Description
Related issues — #676, #2473, #3211.
1. Summary
When I run Codespell for my project, I get 14 false positives for URLs. I’m sure that default Codespell behavior for URLs need corrections.
2. MCVE
2.1. Reproducibility
I reproduced the problem on Ubuntu and Windows.
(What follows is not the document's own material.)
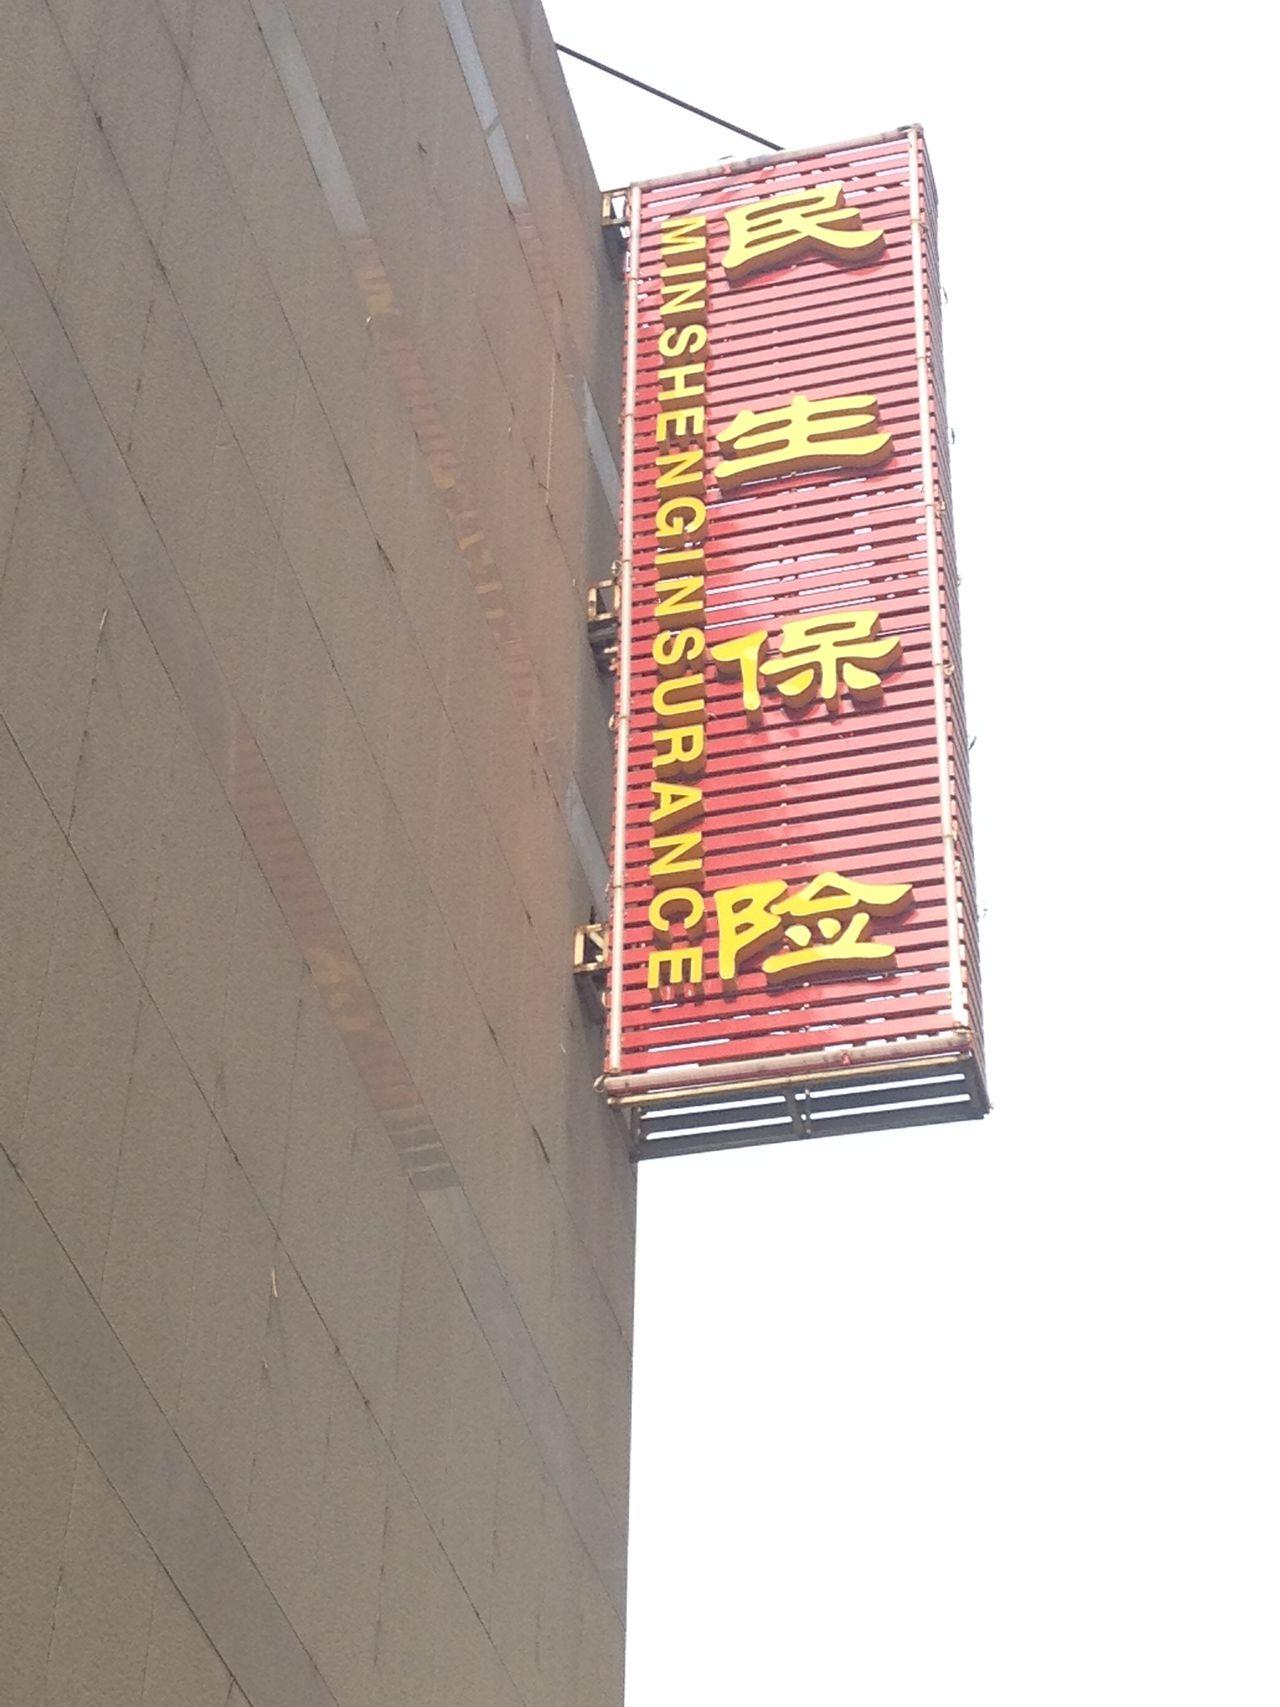 民生人寿(洛阳中心支公司新安营销服务部)

[NOTE] I get different behavior for Ubuntu and Windows. By default, for Ubuntu Codespell prints to console a colored output, for Windows — non-colored.
2.2. Files
KiraURLs.txt
— the file with false positives from my real project:
https://browsersl.ist/
https://archive.fo/JaBJt
https://magisteria.ru/autor/andrey_vinogradov
https://woerterbuchnetz.de/?sigle=DWB&lemid=U14452
https://www.pucp.edu.pe/profesor/patricia-gonzales-gil
https://zoon.ru/msk/p-doctor/marina_vladimirovna_kuznetsova/
https://persona.rin.ru/view/f/0/25814/kolesov-evgenij-nikolaevich
https://broker.ru/studing/seminar/303
https://www.wirtschaftsdienst.eu/autor/walter-a-s-koch.html
https://web.archive.org/web/20160306044838/https://xpomo.com/ruskolan/tolpa/demagog.htm
https://base.garant.ru/10180093/
https://web.archive.org/web/20210509023444/https://portal.slac.stanford.edu/sites/inc_public/Pages/folder-file-names.aspx
https://portal.slac.stanford.edu/sites/inc_public/Pages/folder-file-names.aspx
https://www.digitalo.cz/dokument/qBhi6rSjJ87tFJ6y/plny-text.pdf#page=102
codespell.cfg
:
[codespell]
ignore-regex = https?://[^\s`"<>^\\{|}]+
[NOTE] The uri-regex
key with the same value has no effect. It’s a possible bug.
2.3. Commands
codespell --config codespell.cfg KiraURLs.txt
codespell KiraURLs.txt
2.4. Behavior
2.4.1. Expected — my regex
No output. Codespell ignores all URLs.
2.4.2. Non-desired — default Codespell behavior
codespell KiraURLs.txt
KiraURLs.txt:1: ist ==> is, it, its, it's, sit, list
KiraURLs.txt:2: fo ==> of, for, to, do, go
KiraURLs.txt:3: autor ==> author
KiraURLs.txt:4: sigle ==> single, sigil
KiraURLs.txt:5: profesor ==> professor
KiraURLs.txt:6: zoon ==> zoom
KiraURLs.txt:7: rin ==> ring, rink, rind, rain, rein, ruin, grin
KiraURLs.txt:8: studing ==> studying
KiraURLs.txt:9: autor ==> author
KiraURLs.txt:10: demagog ==> demagogue
KiraURLs.txt:11: garant ==> guarantor, guardant
KiraURLs.txt:12: slac ==> slack
KiraURLs.txt:13: slac ==> slack
KiraURLs.txt:14: dokument ==> document
Command exited with code 65
False positives for each line.
3. Regular expression for URLs
For my project I use this regular expression for URLs:
https?://[^\s`"<>^\\{|}]+
Perhaps it will help another users.
3.1. Advantages of my regex
- This expression doesn’t match correctly examples of Mathias Bynens, but is sufficient for practical Codespell usage in my case.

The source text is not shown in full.